Abraham Lincoln’s Favorite Doctor
Dr. Newell also represented our area in the US Congress
I’m a Lincoln man. I’ve probably read more than 50 books about the nation’s 16th president and consider Abraham Lincoln to be America’s greatest ever chief executive. It was Providence that put him on Earth — when we needed him most.
In my studies of President Lincoln, I’ve learned he had a true gift for friendship. One of his good friends during very trying times was a New Jersey physician and politician, William Augustus Newell. Although he doesn’t get much notoriety, Dr. Newell was a remarkable man.
Born in September 1817 in Franklin, Ohio, he graduated from Rutgers College and then the University of Pennsylvania medical school (1839). He held important offices — serving as a US congressman (1847-51 and 1865-67) and as Governor of both New Jersey (1857-60) and Washington Territory (1880-84). He was also founder of the US Life-Saving Service (today’s US Coast Guard) and served as a White House physician (1865). Very impressive.
Among Newell’s congressional colleagues were Lincoln (who served only one term, 1847-49), John Quincy Adams (the only former president to serve in the US House, who died at the Capitol with Newell caring for him in his final hours) Henry Clay (“The Great Compromiser”), and Andrew Johnson (the nation’s 17th president). Heady company.
Lincoln and Newell had adjoining seats in Congress and lived in the same Washington, DC, boarding house. The president called him “a true friend of the Union.” Newell also had a distinguished medical career and was an early adopter of plastic surgery. He was still seeing patients when he died in August 1901 in Allentown, NJ, where he and his wife Joanna had raised their four children.
“When I do good, I feel good. When I do bad, I feel bad. That’s my religion.”
—President Abraham Lincoln
In 1864, the year Lincoln was re-elected president, Newell was named a White House attending physician. During that time he was credited with treating and saving the life of the president’s son, Thomas “Tad” Lincoln, who had Typhoid Fever.
Mary Lincoln was particularly fond of the good doctor (“a most estimable gentleman” and “our particular friend,” she called him). In my readings, I saw several of the First Lady’s letters to Newell, asking him to join the family for dinners and other events. It was for good reason that she liked having Newell around. The Lincolns had already lost two other young sons, Edward (in 1850 at age 4) and Willie (in 1862 at age 12), to illness. Tad wouldn’t live much longer either, dying in 1871 at age 18.
An account from Entertaining a Nation claimed that Mrs.
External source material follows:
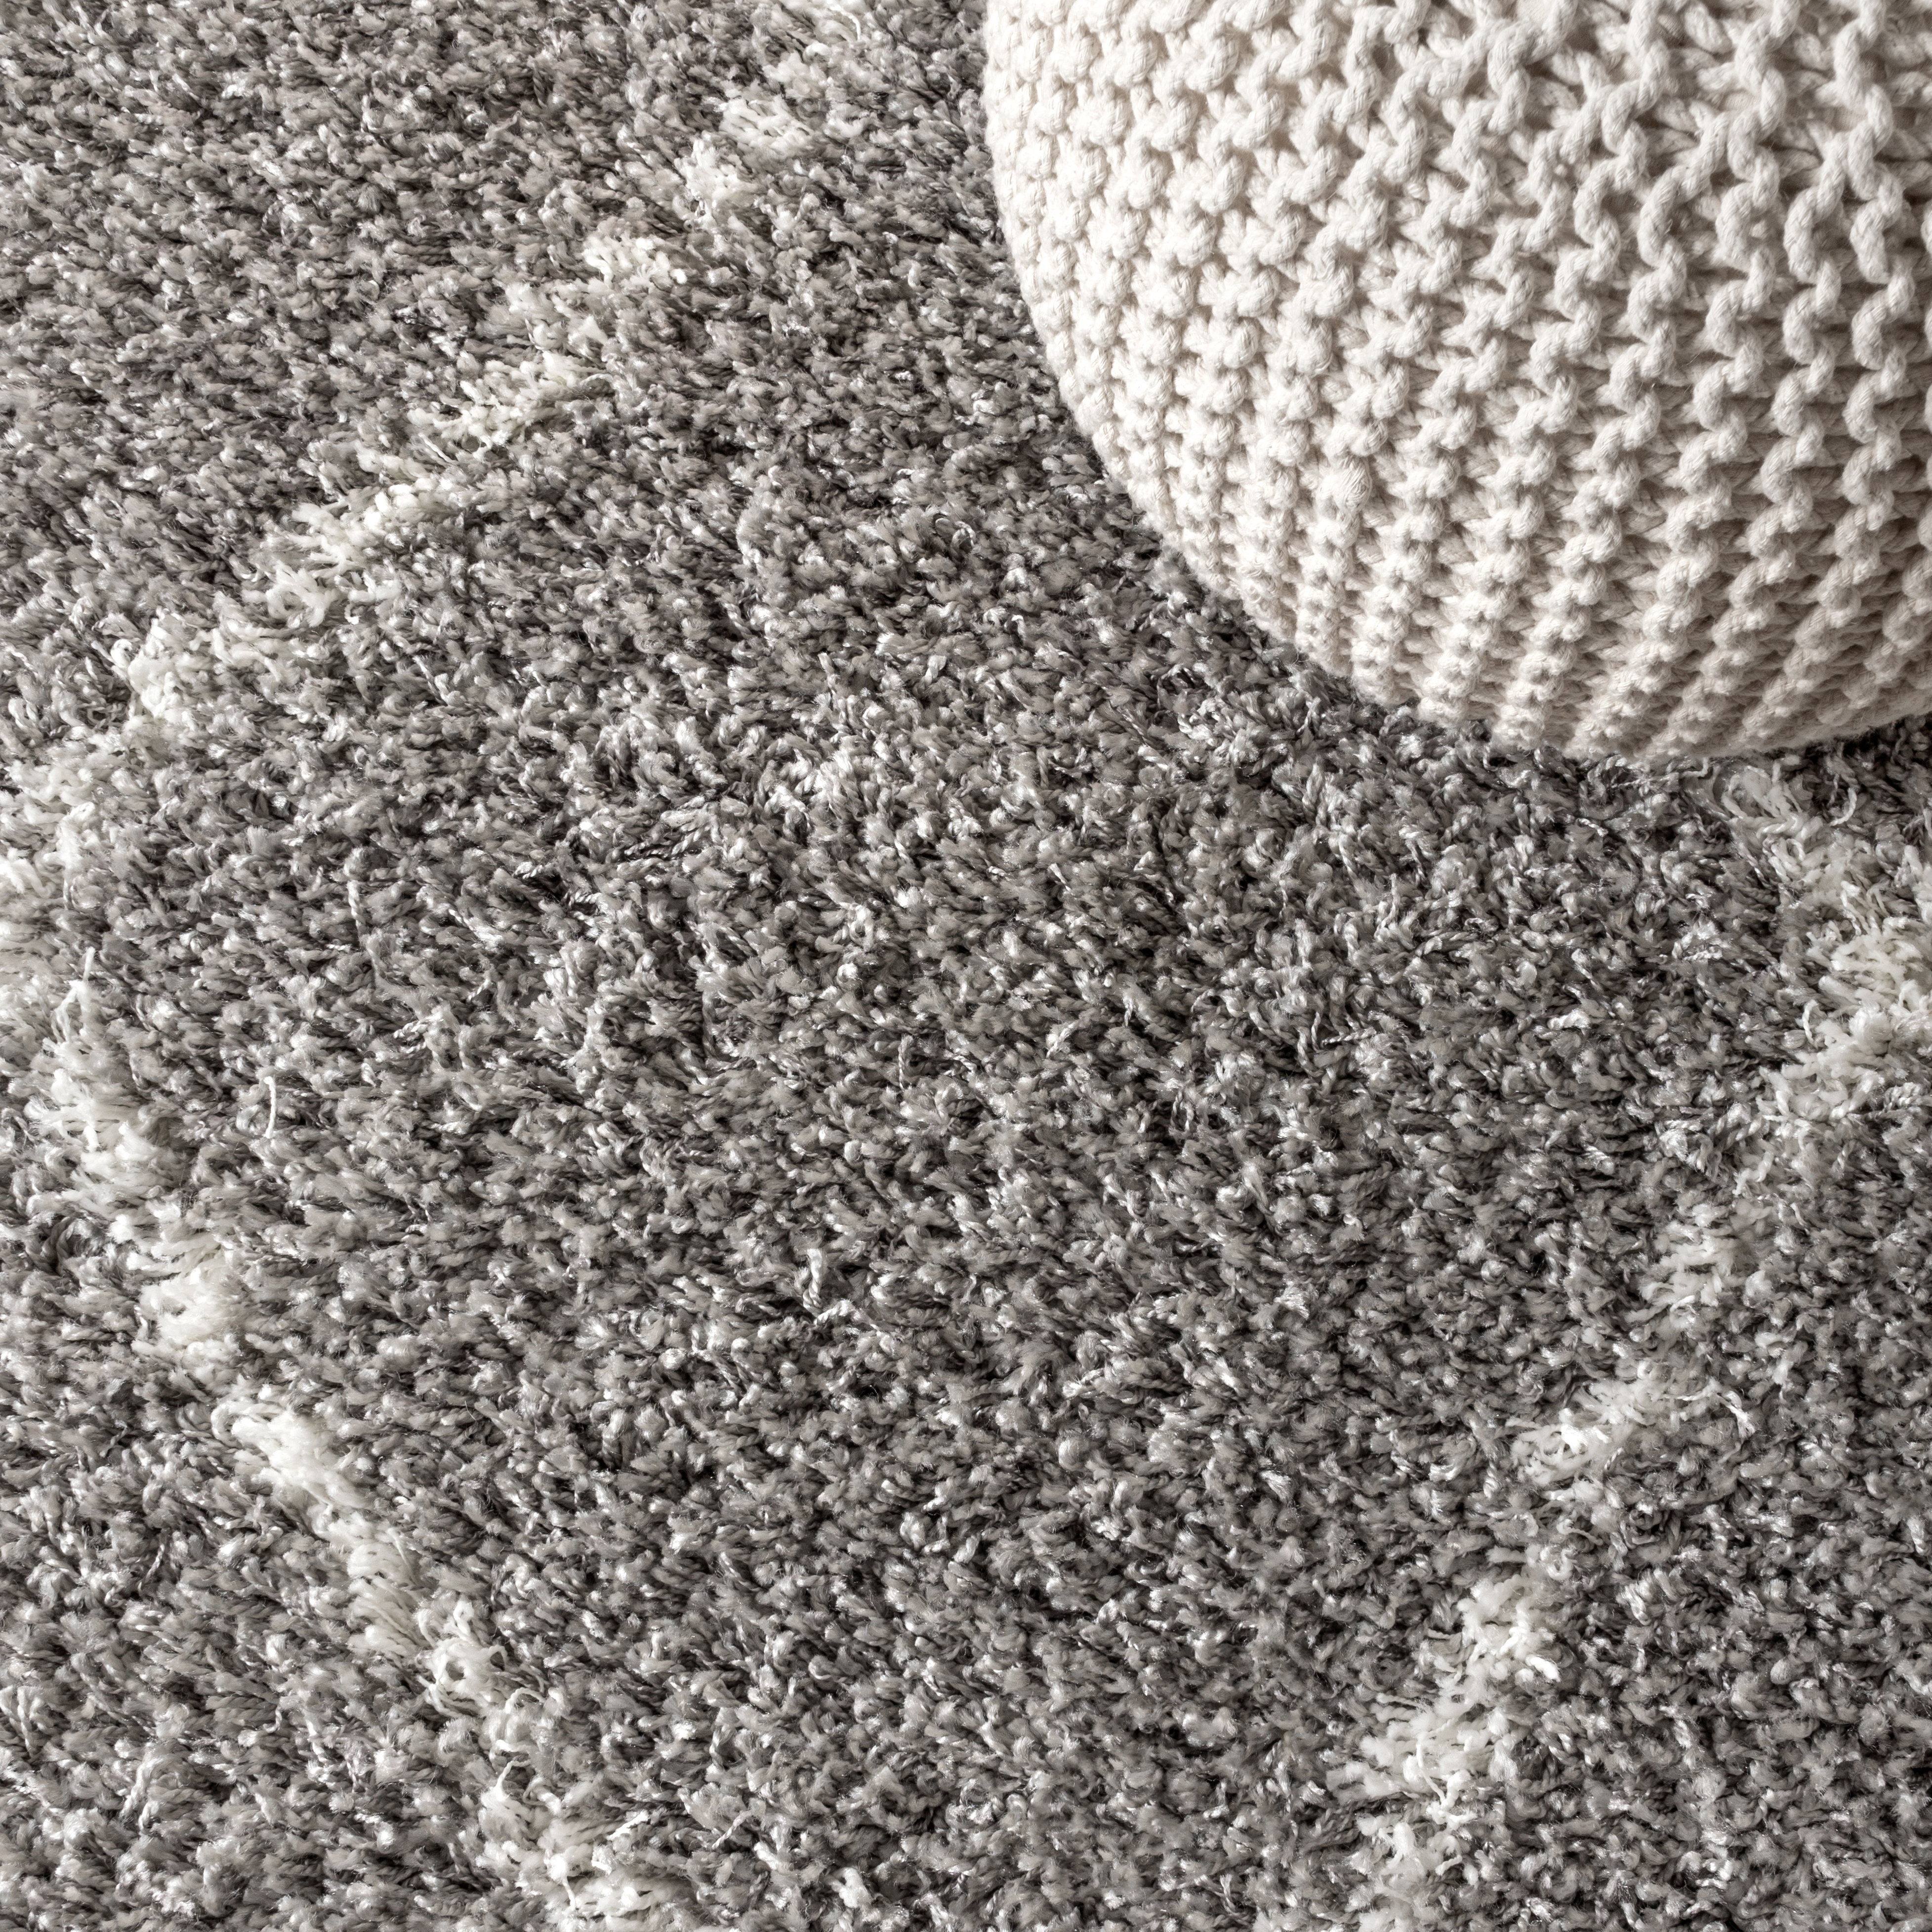 Mercer Shag Plush Tassel Moroccan Geometric Trellis Grey/Cream 3 ft. x 5 ft. Area Rug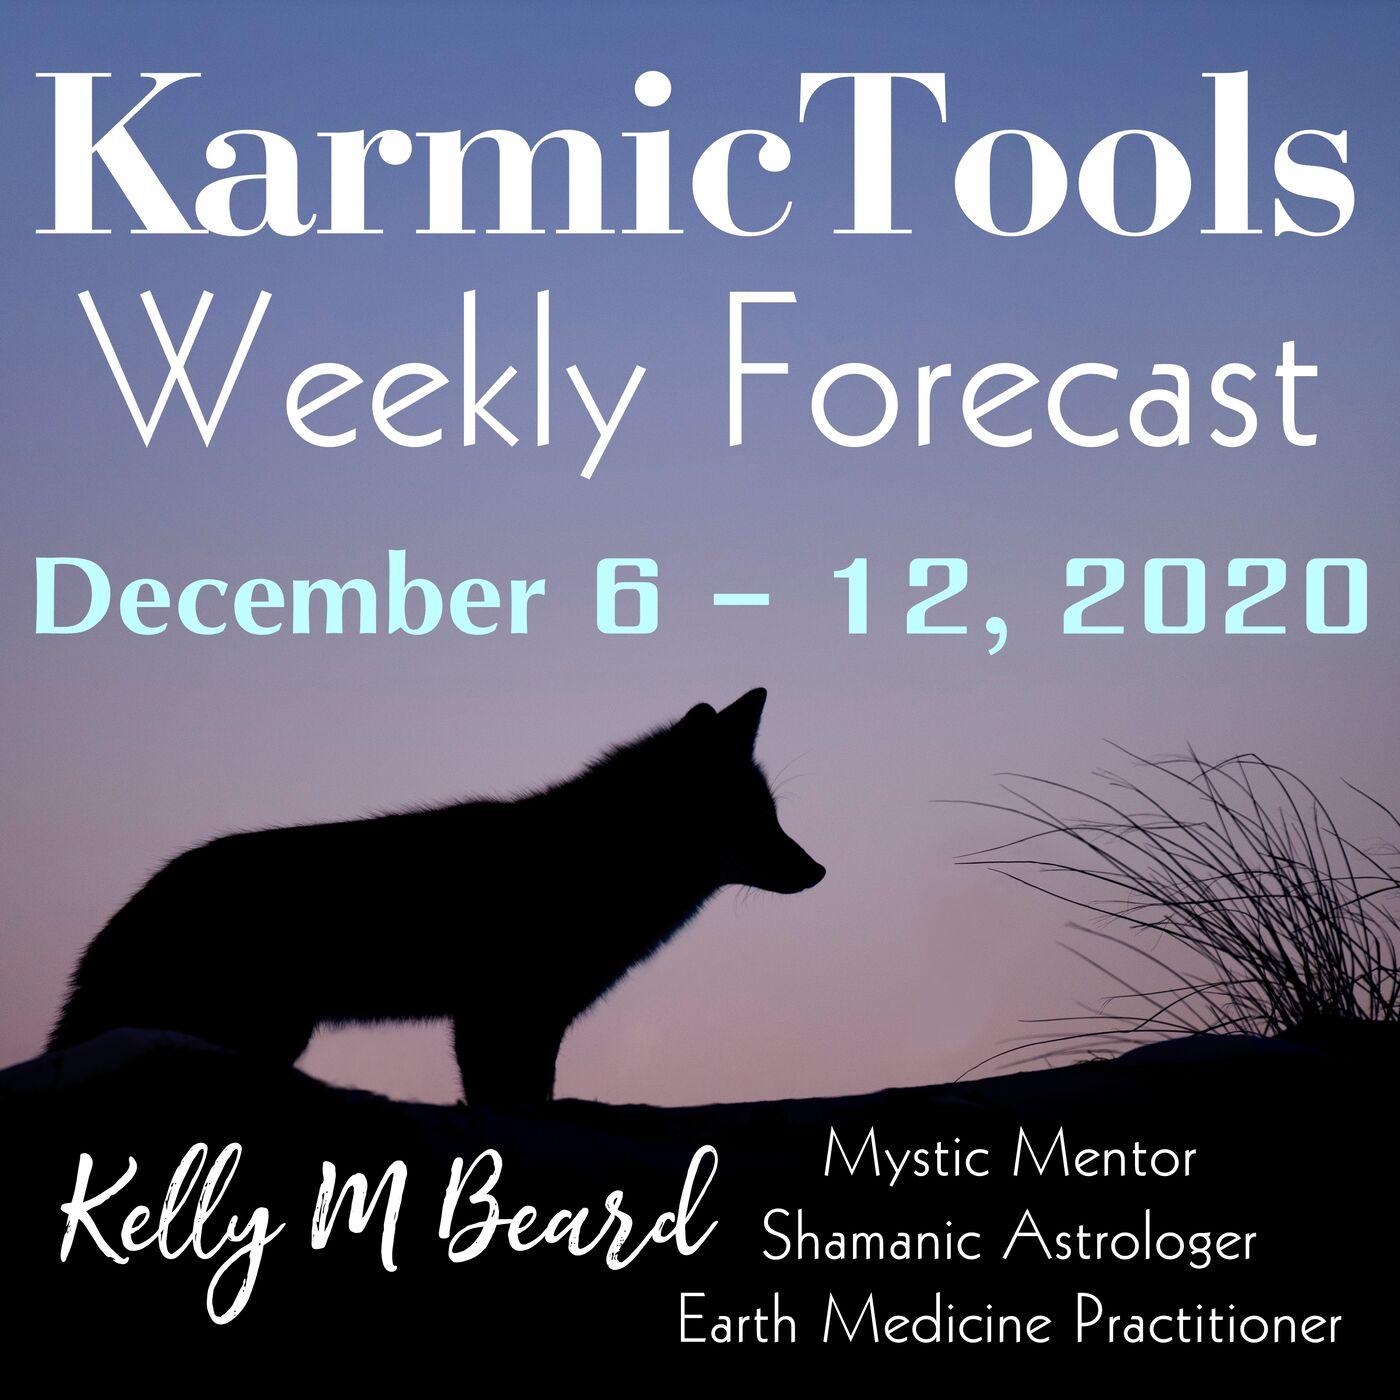 Dec 6 - 12, 2020 KarmicTools Weekly Forecast

Lincoln was given a demonstration of Newell’s life-saving techniques right on the beach during her celebrated trip to Long Branch in the summer of 1861.
Lincoln also named Newell the superintendent of the US Life-Saving Association, NJ District in 1865. He had represented the Jersey Shore area from Sandy Hook to Little Egg Harbor in the US Congress. When a young doctor, he had watched helplessly from the beach as a ship was wrecked (the Perasto) and all passengers perished iduring an August 1839 storm.
Newell, like Lincoln, was a member of the Whig Party when he entered politics and later joined the Republican Party. During his political career, the doctor was an advocate for low taxes, balanced budgets, and improvements to the school system.
In my study of history — if you dig deep enough you will find a physician often playing a large part in history-making events. An old photo of Lincoln on the podium during the Gettysburg Address in November 1863 was recently uncovered and enhanced. And who else was on the dais that fateful day in Western Pennsylvania at perhaps the moment celebrated moment of President Lincoln’s life? It was Dr. Newell.
So devoted to the Lincoln family was Newell that he accompanied Mary with the president’s body on the long ceremonial train ride back to Springfield, IL after the assassination in April 1865.